Onward: I was in the Piggly Wiggly down in Eulonia the other day helping my mom with her weekly shopping when I overheard a couple of skinny women talking loudly amongst themselves as they pushed a buggy toward the Brussel sprouts.

I don’t know what they said, but they both sounded like mild versions of Fran Drescher, the actress who played in the sitcom The Nanny. Her accent is about as New York as it gets, and these women had her beat.

Northerner’s moving to the South is nothing new, of course, and I count a few transplants from the Rust Belt among my few friends. But still, there used to be places they hadn’t discovered yet, and Eulonia and greater McIntosh County were among those places.

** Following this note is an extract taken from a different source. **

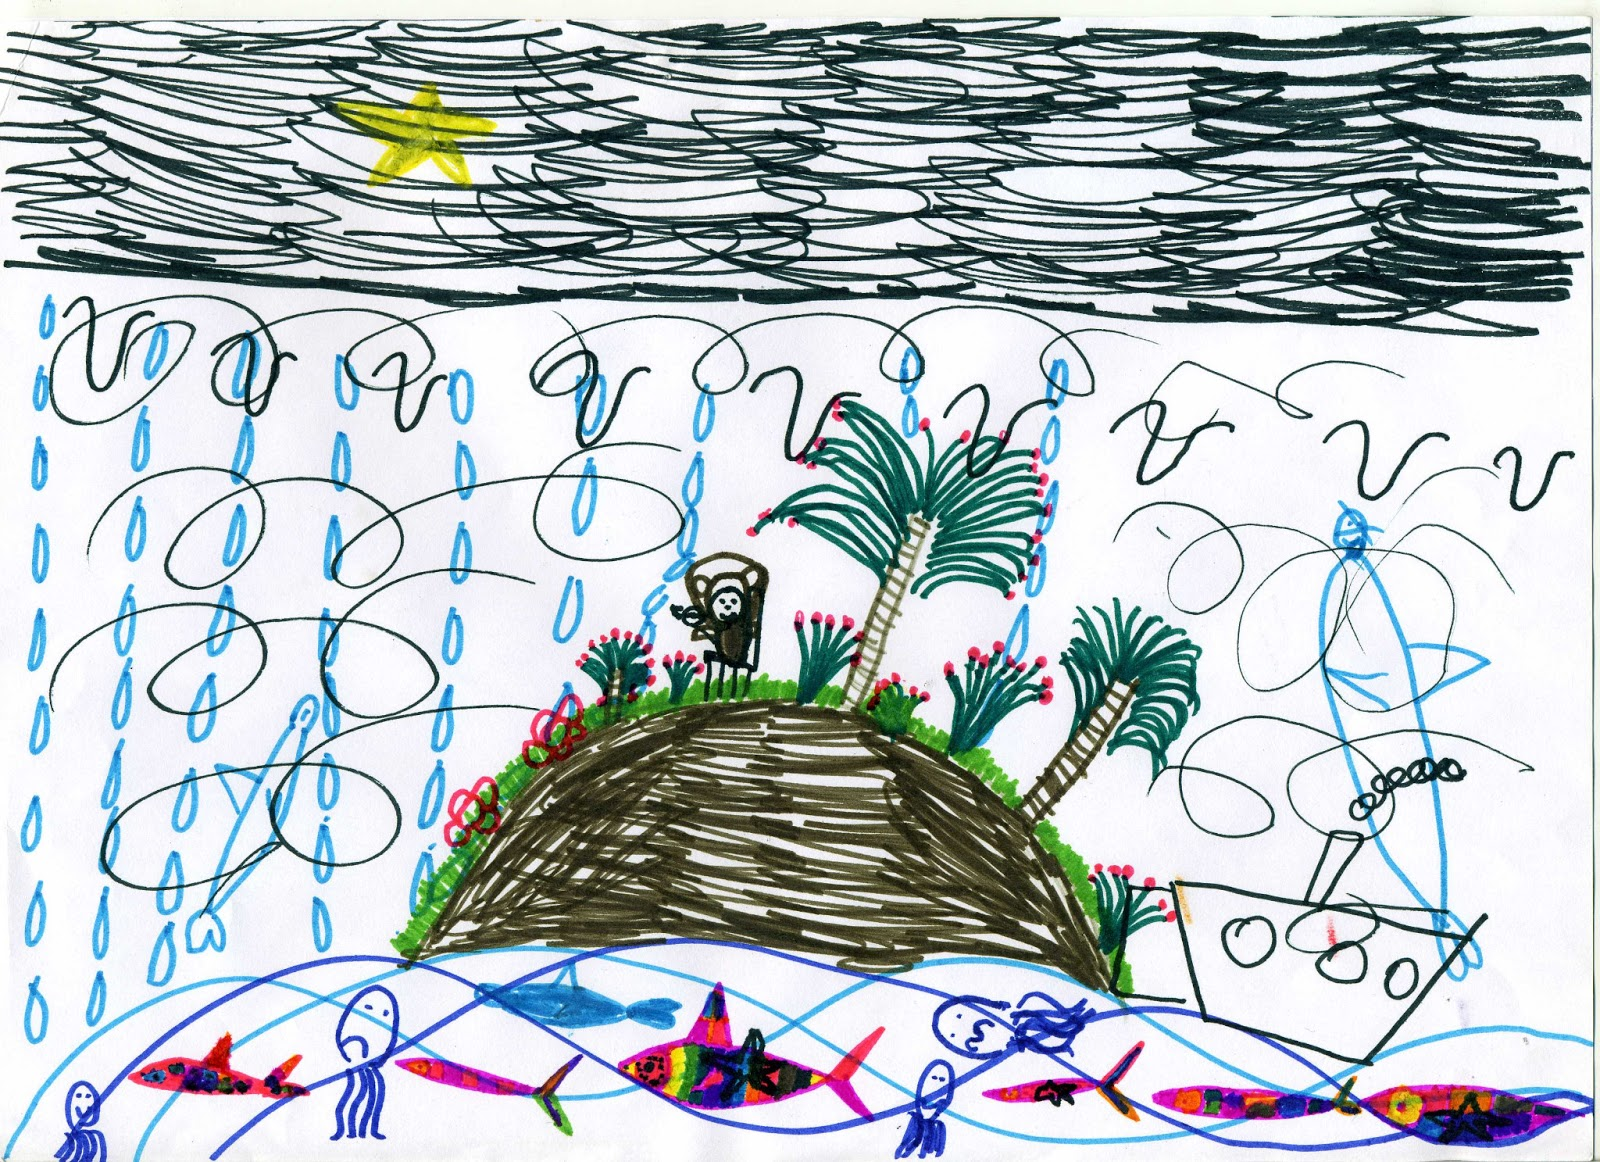 плавучий остров в океане

Not anymore. Developers have got hold of it, and are seeing dollar signs. That means it’s only a matter of time before it, like so many places on the Georgia coast, becomes overdeveloped. Poolerized. Richmond Hilled. Rinconized. Port Wentworthed.

Still, it’s novel enough there at present that the local weekly newspaper, Kathleen Russell’s wonderful Darien News, runs a regular feature on people who move to town, and invariably they’re from up north and charmed by the slower pace of life, etc. I figure they’ll have to wait about another decade and then see how much slower that pace is.

Traffic is going to be a mess, taxes will go up, the grocery store will run out of water and toilet paper every time it rains hard and the wind blows. But maybe they’ll get a Chic-fil-A and some roundabouts.

One final note: Being ex-Army I tend to poke fun at Air Force and Navy folks because, of that old interservice rivalry thing. Back in the day our barracks weren’t good enough for airmen, who had to have so much living space and creature comforts while us poor field artillery privates and specialists and sergeants were living crammed into closets.

But, my wife doesn’t like it. We were watching a documentary recently on RAF bomber crews and afterward she said she couldn’t understand why I talked bad about the Air Force.

I couldn’t explain it to her, so my 2023 Memorial Day resolution is to quit saying bad things about the Navy.